As I grew up, “about me” became more about sharing my CV than myself as a whole. This is my hive—where I share my thoughts and experiences with the world. In a programmer’s style, this is my hello world post.
About me Link to heading
I am an aspiring polymath with a passion for learning, philosophy, martial arts, self-sufficiency, nation building, and solving hard problems.
Technology building Link to heading
I have built medical equipment used in surgery and for critical life support, as well as SaaS applications for health-tech startups.
I am now more curious about building AI agents and embodied intelligence to solve real-world problems.
My philosophical musing Link to heading
As I age, one question has grown louder within me—what is the purpose of life? The standard prescriptions offered by society feel rehearsed and unsatisfying. Our world provides near-infinite possibilities of experience, but given the finiteness of my existence, I want to maximize my time and live a life well-lived, authentically.
Pursuing this idea and observing my own actions, the hidden motive behind any experience turns out to be the pursuit of happiness. (Other names include satisfaction, a dopamine spike, feeling good, feeling fulfilled, contentment, and so on.) Any external action or experience is simply the path through which I assumed I would reach this destination called happiness.
The straightforward path is to look at what brings others happiness—what society broadcasts as happiness. Most likely, it is an external stimulus causing happiness to be generated internally. Once generated, it is not long-lasting; it is a fleeting experience. So I kept turning up the external stimuli whenever I wanted more.
But over time, with more external stimuli and more frequent activation, the amount needed to generate the same happiness increased. I became progressively numb to the stimuli, which called for a kind of detox—pulling back from the external world to reset. I was doing more and more just to generate a diminishing amount of fleeting happiness.
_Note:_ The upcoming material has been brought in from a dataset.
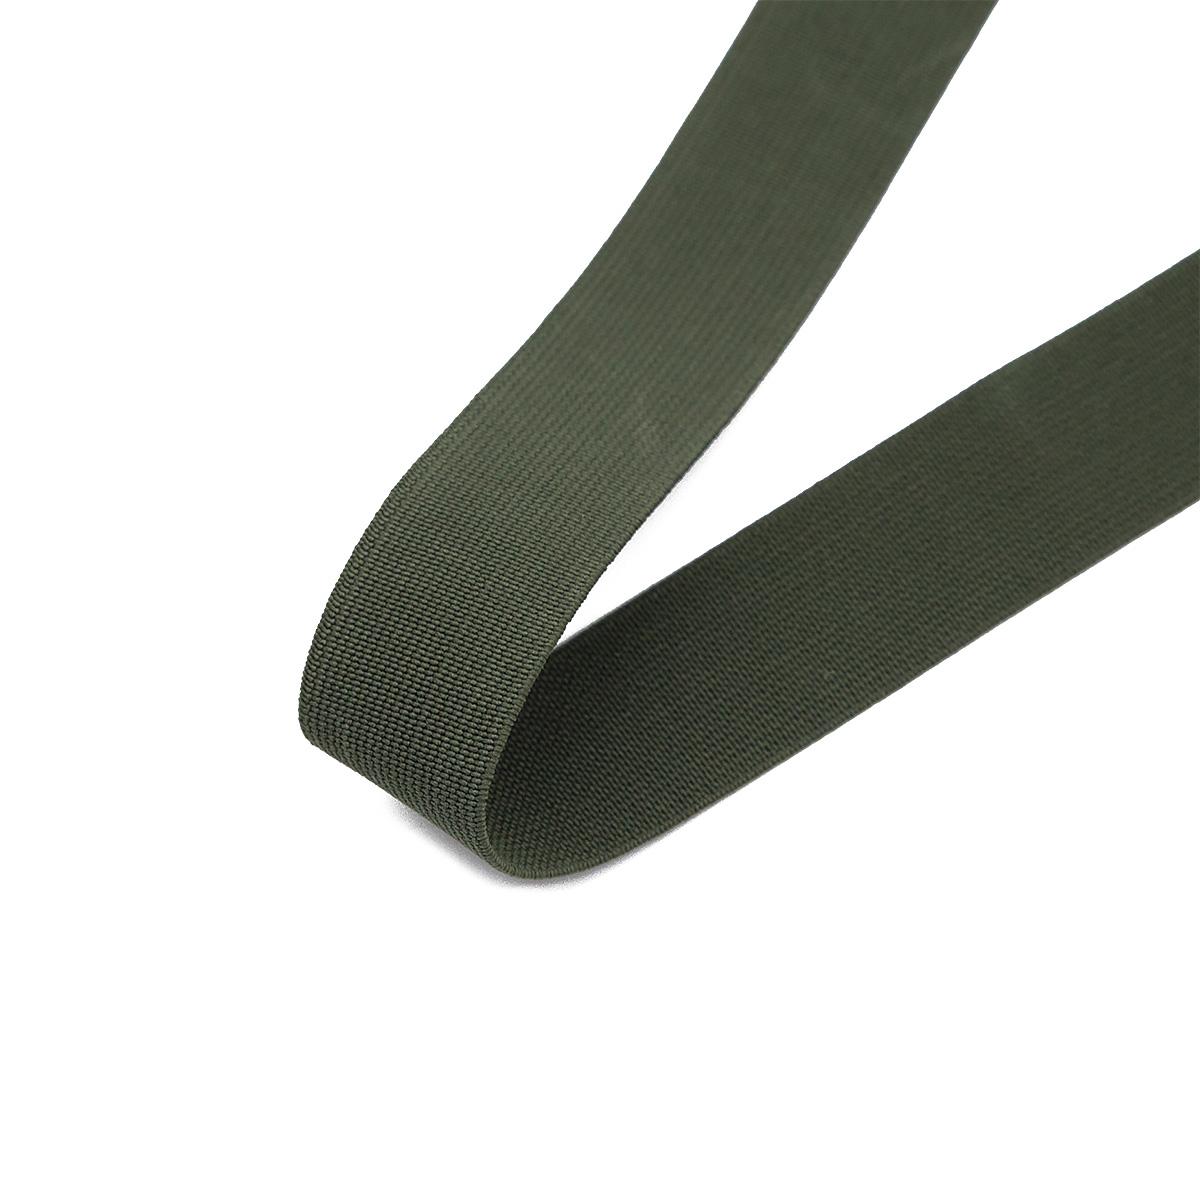 15-3848/9831 Резинка вязаная 25мм*25м оливка ГР

Though external stimuli seem like the easy and straightforward path to happiness, with time, the return on investment plateaus, causing more frustration and dissatisfaction.
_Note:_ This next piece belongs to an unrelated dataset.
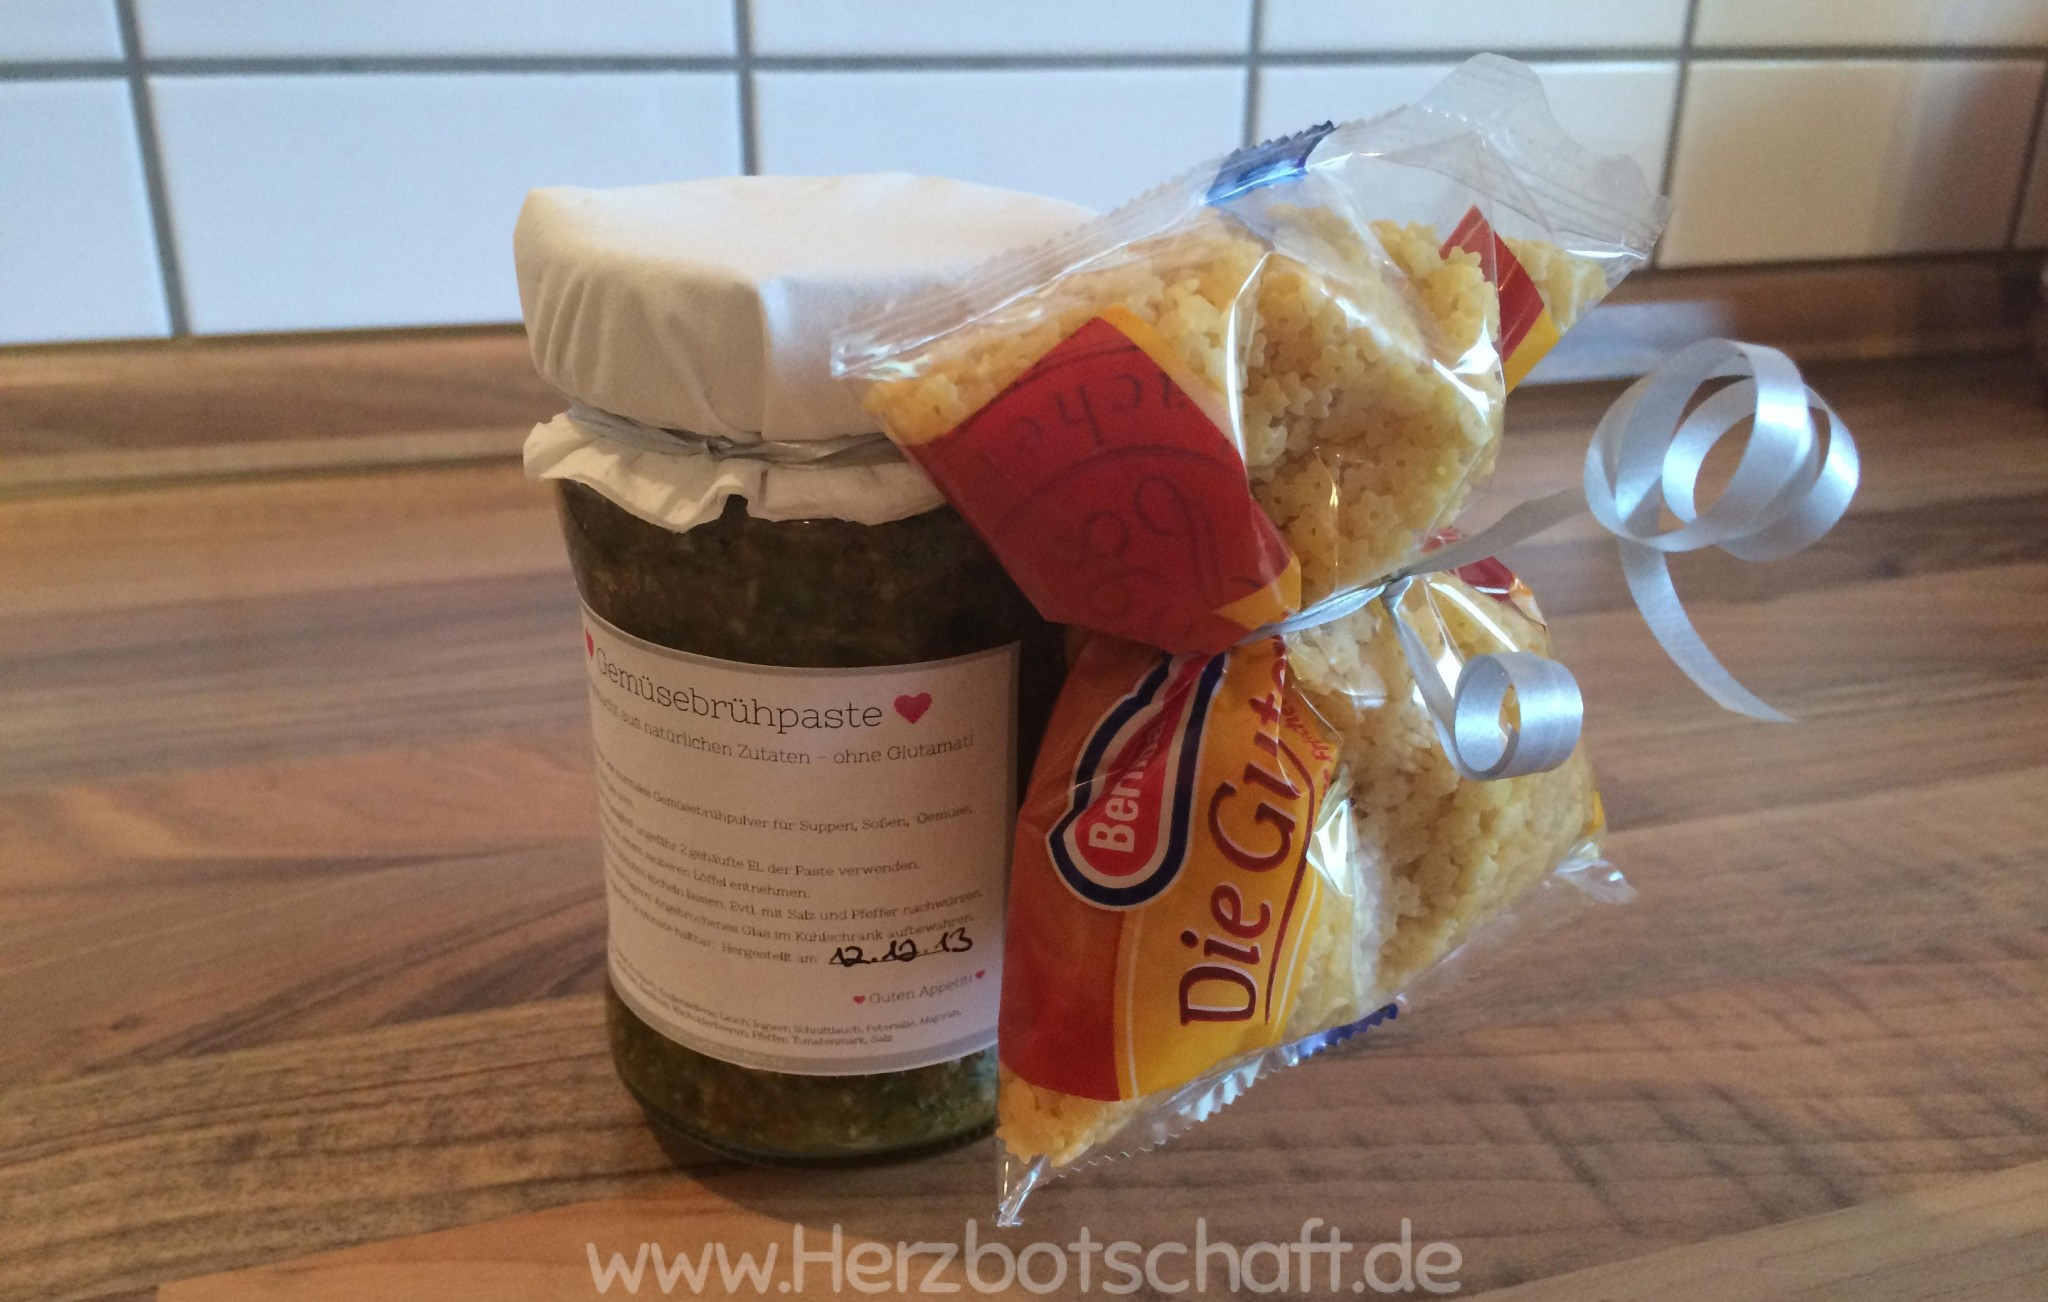 geschenkidee-gemüsebrühpaste-suppennnudeln

In the middle of this mindless chase came a random thought: “If happiness is internally generated, can’t it be generated on demand, irrespective of the external world?”
If a life well-lived is about maximizing happiness, then the base requirement should be the ability to generate happiness independent of external stimuli. This is easier said than done, given the constant nudges from society—endless advertising, herd mentality, and the noise of social media—all pointing us outward.
Through evolution, we as humans seek safety and comfort by being part of a group. Since the majority is heavily influenced by advertising and social signaling, it is difficult to break out of the comfort zone and find new ways to generate happiness.
Fighting these natural tendencies and pursuing the ability to generate happiness on demand became my side-project through most of my 20s. This led me to explore philosophy from various cultures and traditions—from Western philosophy to Eastern philosophy.
I felt most at home with yogic philosophy, particularly through the Yoga Sutras by Patanjali. The book opens with a line loosely translated as: “Now, yoga begins.”
To me, this means: after going all around the world and seeking happiness in different ways, having finally arrived at this pathway—now, yoga begins.
As I head into my 30s, I want to live consciously and intentionally, with the pursuit of happiness as my central musing. Right now, I am following a hybrid approach—consciously seeking external stimuli in moderation while building inner self-sufficiency through the practice of yoga and meditation.